Nota: Se respeta la ortografía original de la época

III

La cena

Instintivamente los dos religiosos se dirigieron á la cabecera de la mesa, y como era de esperar, sucedió lo que á los opositores á una cátedra: ponderan con palabras los méritos y la superioridad de los adversarios, pero luego dan á entender todo lo contrario, y gruñen y murmuran cuando no la obtienen.

—El sitio de honor es para usted, fray Dámaso.

—¡Para usted, fray Sibyla!

—Si usted lo manda obedeceré—dijo el padre Sibyla disponiéndose á sentarse.

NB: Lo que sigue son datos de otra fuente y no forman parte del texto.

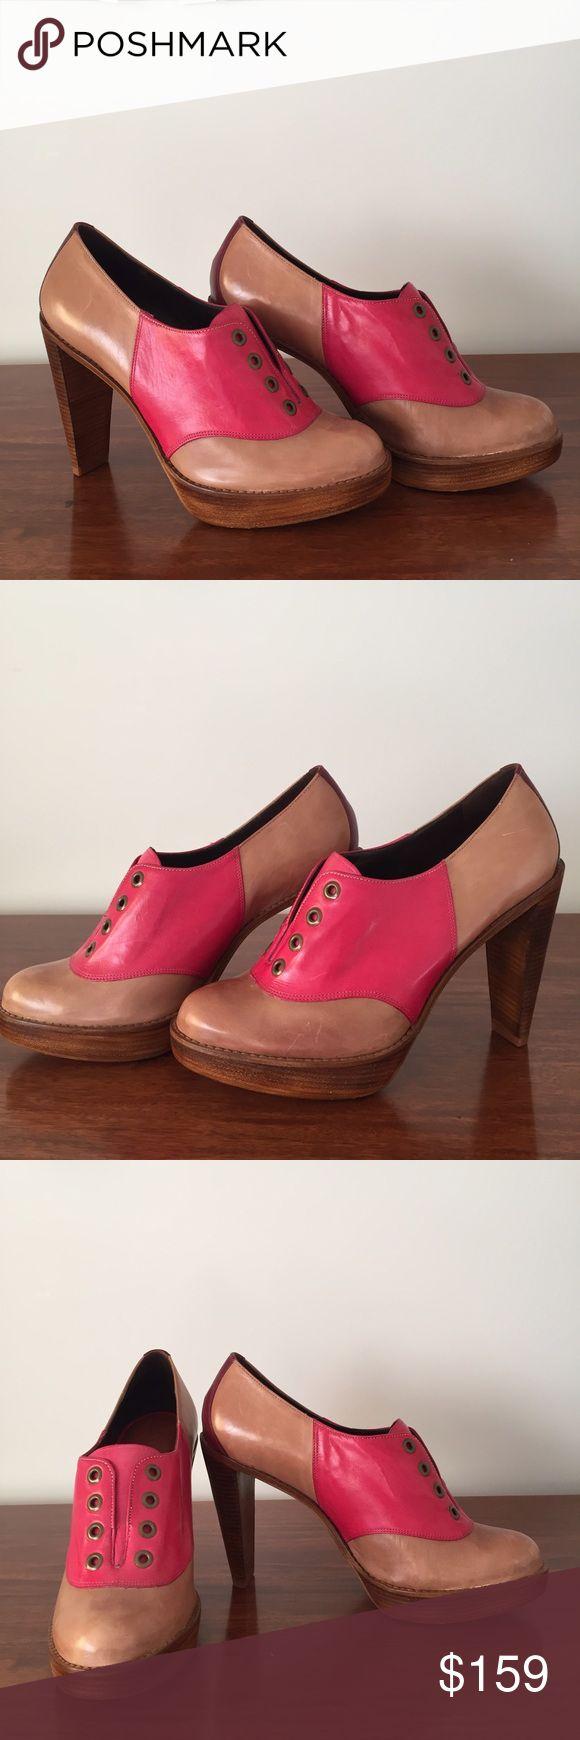 Cole Haan heels Cole Haan heels, worn once, no flaws. Cole Haan Shoes Heels

—¡Yo no lo mando—protestó el franciscano, yo no lo mando!

Iba ya á sentarse fray Sibyla sin hacer caso de las protestas, cuando sus miradas se encontraron con las del teniente. El más alto oficial es, según la opinión religiosa en Filipinas, muy inferior al lego más ignorante. Cedant arma togæ, decía Cicerón en el Senado; cedant arma cotæ dicen los frailes en Filipinas. Pero fray Sibyla era persona fina y repuso:

—Señor teniente, aquí estamos en el mundo y no en la iglesia; el sitio le corresponde.

Pero á juzgar por el tono de su voz, aun en el mundo le correspondía á él. El teniente, bien por no molestarse ó por no sentarse al lado de su adversario el padre franciscano, rehusó brevemente.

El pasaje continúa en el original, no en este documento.